Q: What is procedural memory in AI agents?

Procedural memory is memory of how to do something — the learned routines, sequences, and shortcuts an agent reaches for without re-deriving them each time. In humans, procedural memory is what makes typing or driving feel automatic. In agents, it shows up as learned tool-use patterns ('when the user says do the usual, run these four steps'), preferred prompt scaffolds ('summaries for this user always lead with metrics'), or a few-shot store of past successful action sequences. Most agents fake procedural memory by stuffing examples into the system prompt. A real procedural-memory layer learns the patterns from interaction and retrieves them when a similar situation comes up. It is the most overlooked of the three memory types and often the highest-leverage one to add — it is what makes an agent get faster at the workflows a particular user repeats.

Q: Do AI agents actually need three memory types?

Most production agents do, even when teams have not consciously designed for it. An agent with only episodic memory drowns in noise — it can recall every conversation but cannot answer 'what does this user prefer.' An agent with only semantic memory loses the ability to reference specific events ('what did we discuss Tuesday'). An agent with no procedural memory keeps relearning the same workflows turn after turn. Simple agents can collapse the layers (a shopping bot might only need a structured profile), but as soon as the agent runs across multiple sessions, handles repeated workflows, or needs to reference past interactions, the three layers earn their keep. The argument is not 'always build all three.' It is 'name which layers you have and which you are skipping, so you know what your agent will be bad at.'

Q: How does episodic memory map to vector databases?

Vector databases are the most common storage for the episodic layer because episodic recall often happens by similarity rather than exact match — 'find the past conversation that looks like this current one' is a vector-search query. Each interaction (a turn, a session, or a summarized event) is embedded and stored with metadata: timestamp, user ID, session ID, tags. Retrieval typically combines semantic similarity with metadata filters ('messages from last week about the migration'). The pattern is not exclusive to vectors — append-only Postgres tables with full-text search work too — but vectors handle paraphrased recall well, which is what users actually do ('what was that thing we talked about'). The key is keeping episodic storage separate from semantic storage; merging them tends to degrade both.

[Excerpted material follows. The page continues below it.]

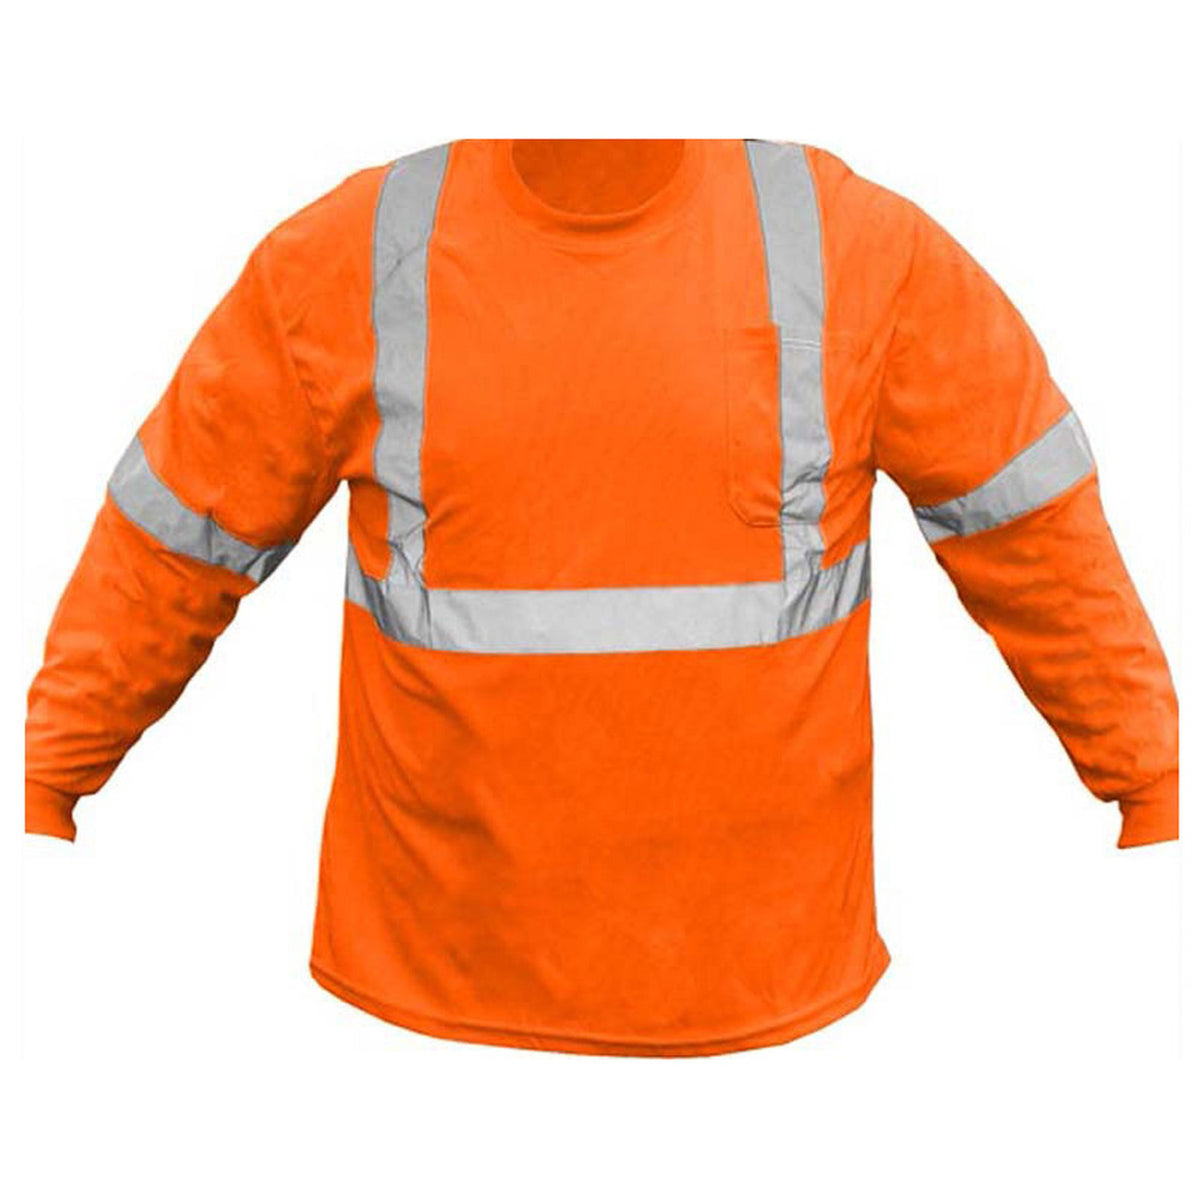 Forester Hi-Vis Orange Class 2 Long Sleeve Safety T-Shirt

Q: Is the cognitive science framing accurate for LLMs?

Not literally, no. LLMs do not have neuroscientific separation between episodic, semantic, and procedural systems. Their parameters mix everything they were trained on, and any memory layer outside the parameters is whatever you choose to build. The cognitive labels are an architectural lens, not a claim about model internals. The benefit is design clarity: when you separate episodic from semantic from procedural in your storage, you stop conflating retrieval problems that actually have different solutions. Treat the framing as a useful organizing principle borrowed from a different field — the same way 'pipeline,' 'stack,' and 'cache' borrow from physical systems they do not literally map to. The taxonomy earns its keep when it forces design decisions, not when it claims to describe what the model is doing.

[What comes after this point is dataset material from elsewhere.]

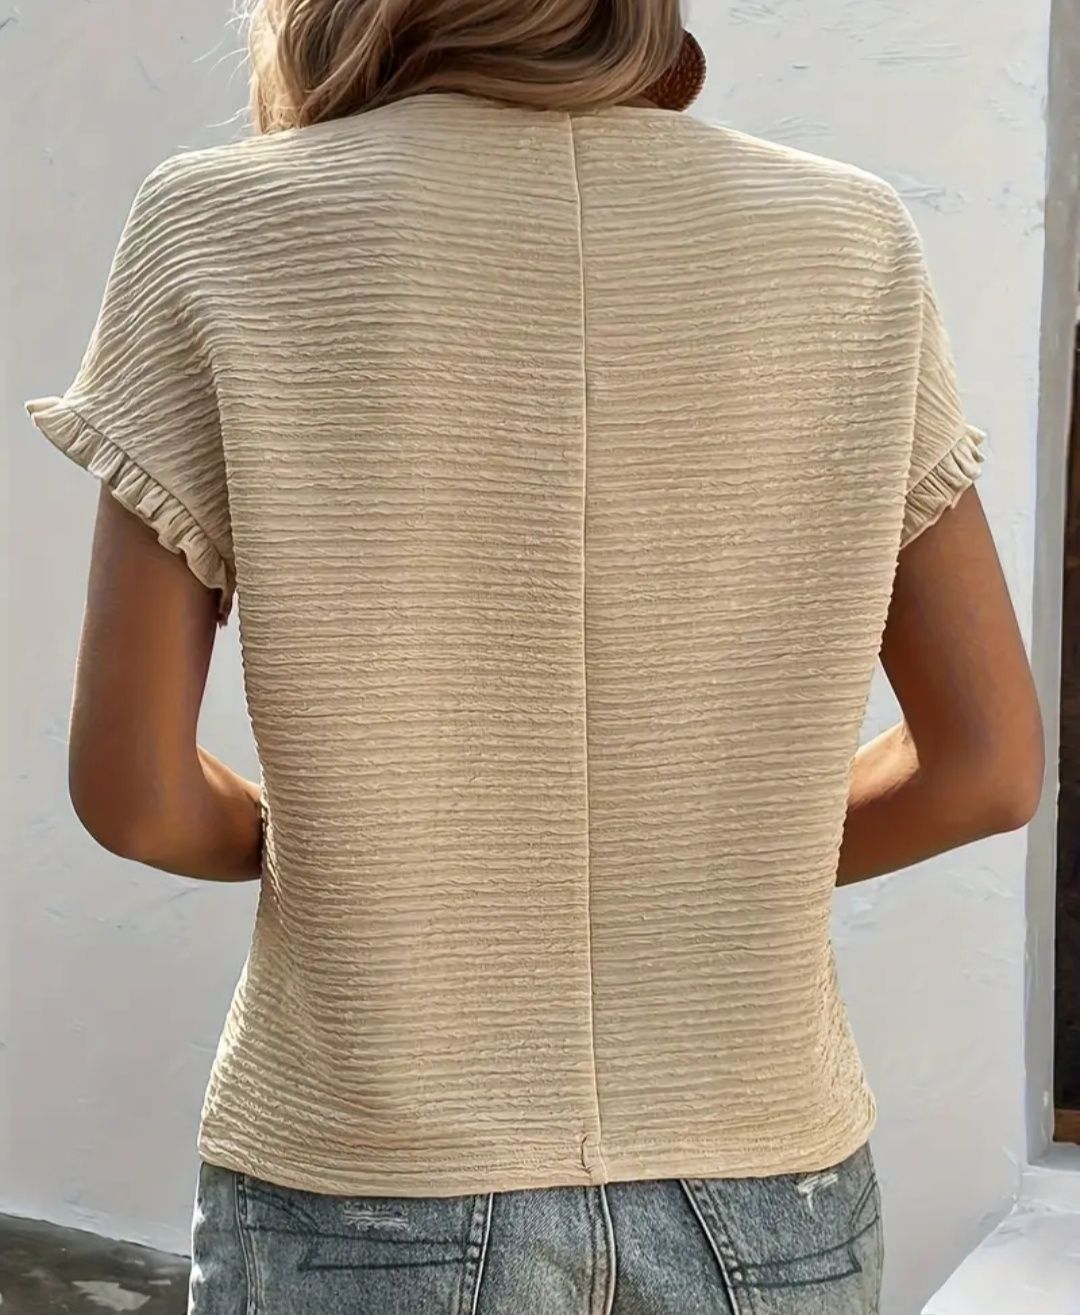 Solidna swobodna bluzka damska plus size r 4/5 XL morelowa beżowa

Q: Where do Letta's memory blocks fit in this taxonomy?

Letta's core memory blocks (`human` and `persona`) are semantic memory — they hold structured, deduplicated facts about the user and the agent that should always be in context. Letta's recall storage and archival storage hold the episodic layer: full conversation history (recall) and longer-term embedded archives (archival), both retrieved on demand rather than always-in-context. Letta does not have an explicit procedural-memory primitive in the same way; learned routines are typically encoded in the persona block or in the agent's tool definitions rather than in a separate learned-routine store. The split is useful: Letta makes the semantic / episodic boundary an architectural feature rather than a happy accident, which is why it is a cleaner mental model than 'one big memory store.' For a deeper walkthrough see the [Letta walkthrough](/blog/letta-memgpt-walkthrough).

SurePrompts Team

Episodic memory is memory of specific events — what happened, when, and where. Semantic memory is memory of general facts independent of when they were learned. Procedural memory is memory of how to do something. The three-way split comes from cognitive science (Tulving, 1972) and turns out to be a surprisingly useful architectural lens for designing AI agent memory.

This post is for engineers building agents that need to remember things across sessions. Most teams discover the three memory types by accident — they build an event log, then realize they need a fact store, then realize the agent keeps re-deriving the same workflows. Naming the layers up front saves a refactor. The cognitive framing is the entry point; the destination is implementation. For the broader memory landscape — within-session context, provider memory, application memory — see the AI memory systems guide.

Tip

Most production agents end up with three memory primitives — an event log, a fact store, and a learned-routine cache — even when teams don't realize that's what they've built. The cognitive labels (episodic, semantic, procedural) are useful precisely because they force you to name the layer before you build it.

Key takeaways

The three-way split — episodic memory, semantic memory, procedural memory — comes from Tulving's 1972 work in cognitive psychology. It is widely used as a teaching frame even where the boundaries blur in practice.
In agent design, episodic maps to the event log, semantic maps to the structured fact store, and procedural maps to learned routines and reusable action sequences.
Most production agents need all three, even simple ones. Collapsing them into one big store is the most common failure mode.
The cognitive labels are an architectural lens, not a claim about model internals. Use them to organize what you build, not to describe what the model is doing.
Procedural memory is the most overlooked layer. Agents without it relearn the same workflows turn after turn — a quiet tax on every repeated user task.
The right retrieval flow usually goes semantic-first, procedural-second, episodic-on-demand. Searching the event log for every turn is expensive and noisy.
Frameworks expose the layers differently. Letta separates them cleanly; mem0 implements multi-level memory that spans episodic and semantic; many DIY stacks have all three but no labels for them.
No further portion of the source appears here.